Why can matrix multiplication find the most similar vectors?

Matrix multiplication can find the most similar vectors, usually because in vector space, the dot product measures the similarity between two vectors. Particularly when we use normalized vectors, the dot product calculates the cosine similarity, which is a common way to measure the directional similarity of two vectors. Let's explore in detail why matrix multiplication can find the most similar vectors.

Significance of Vector Dot Product#

In vector operations, the dot product of two vectors $\mathbf{a}$ and $\mathbf{b}$ is defined as:

$\mathbf{a} \cdot \mathbf{b} = \sum_{i=1}^{n} a_i b_i$

Geometrically, the dot product is related to the lengths of these two vectors and the angle between them:

$\mathbf{a} \cdot \mathbf{b} = |\mathbf{a}| |\mathbf{b}| \cos(\theta)$

Where:
$|\mathbf{a}|$ and $|\mathbf{b}|$ are the lengths (or magnitudes) of vectors $\mathbf{a}$ and $\mathbf{b}$ respectively.

$\theta$ is the angle between them.
$\cos(\theta)$ represents the directional similarity between the vectors; when $\theta = 0$ , $\cos(0) = 1$ , indicating that the two vectors are pointing in the same direction.

If we normalize all vectors to unit vectors (i.e., magnitudes of 1), then their dot product depends solely on the cosine of the angle, becoming cosine similarity:

$\cos(\theta) = \frac{\mathbf{a} \cdot \mathbf{b}}{|\mathbf{a}| |\mathbf{b}|}$

Cosine Similarity and Vector Similarity#

Cosine similarity is a commonly used measure of similarity, especially in high-dimensional spaces (such as text embedding vectors). It measures the directional similarity between two vectors rather than their distance or size differences. Its value ranges from -1 to 1:

When $\cos(\theta) = 1$ , it indicates that the two vectors are completely similar and point in the same direction.
When $\cos(\theta) = 0$ , it indicates that the two vectors are orthogonal and completely dissimilar.
When $\cos(\theta) = -1$ , it indicates that the two vectors point in opposite directions.

Therefore, calculating the cosine similarity between vectors through the dot product (i.e., matrix multiplication) can find the most similar vectors. The larger the dot product, the more similar the directions of the two vectors are, and the maximum value of the dot product indicates that they are the most similar.

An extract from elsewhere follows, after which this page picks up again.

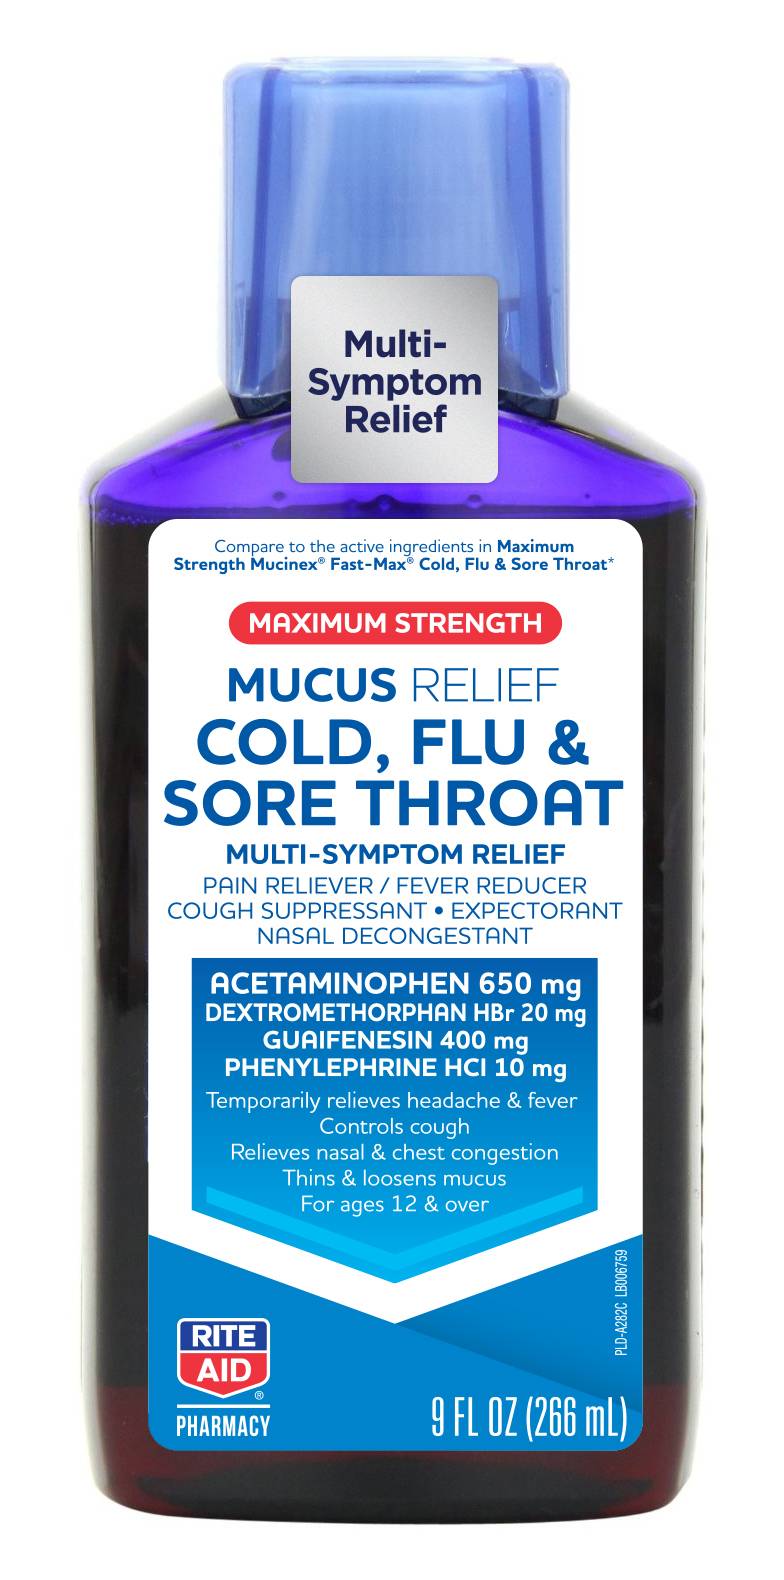 Rite Aid Mucus Relief for Cold, Flu & Sore Throat, Max Strength - 9 oz

Application of Matrix Multiplication in Similarity Search#

In this example, the similarity between the query vector and multiple document vectors is calculated using matrix multiplication. Let the query vector be $\mathbf{q}$ , and all document embedding vectors form a matrix $\mathbf{D}$ (where each row is a vector for a document). We can calculate the dot product between the query vector and all document vectors through the following matrix multiplication:

$\mathbf{q} \cdot \mathbf{D}^T$

Where:

$\mathbf{q}$ is the embedding vector of the query (1×d).
$\mathbf{D}^T$ is the transpose of the document vector matrix (d×n), where $d$ is the dimension of the embedding vectors and $n$ is the number of documents.

Through this matrix multiplication, we obtain a 1×n vector, where each element represents the dot product (i.e., similarity score) between the query vector and the corresponding document vector. By comparing these scores, we can find the documents most similar to the query vector.

Summary: Why Matrix Multiplication Can Find Similar Vectors#

Dot Product Measures Similarity: The size of the dot product is directly related to the angle between the vectors; if the vectors are normalized, the dot product is the cosine similarity, with values closer to 1 indicating greater similarity.
Efficient Calculation: Matrix multiplication can quickly compute the similarity between the query vector and multiple document vectors without needing to compute them one by one.
Selection of Most Similar Vectors: By calculating similarity scores, the vector with the highest score can determine which documents are most similar.

Thus, matrix multiplication is an efficient method for calculating similarity, enabling the rapid identification of other vectors most similar to the query vector in vector space.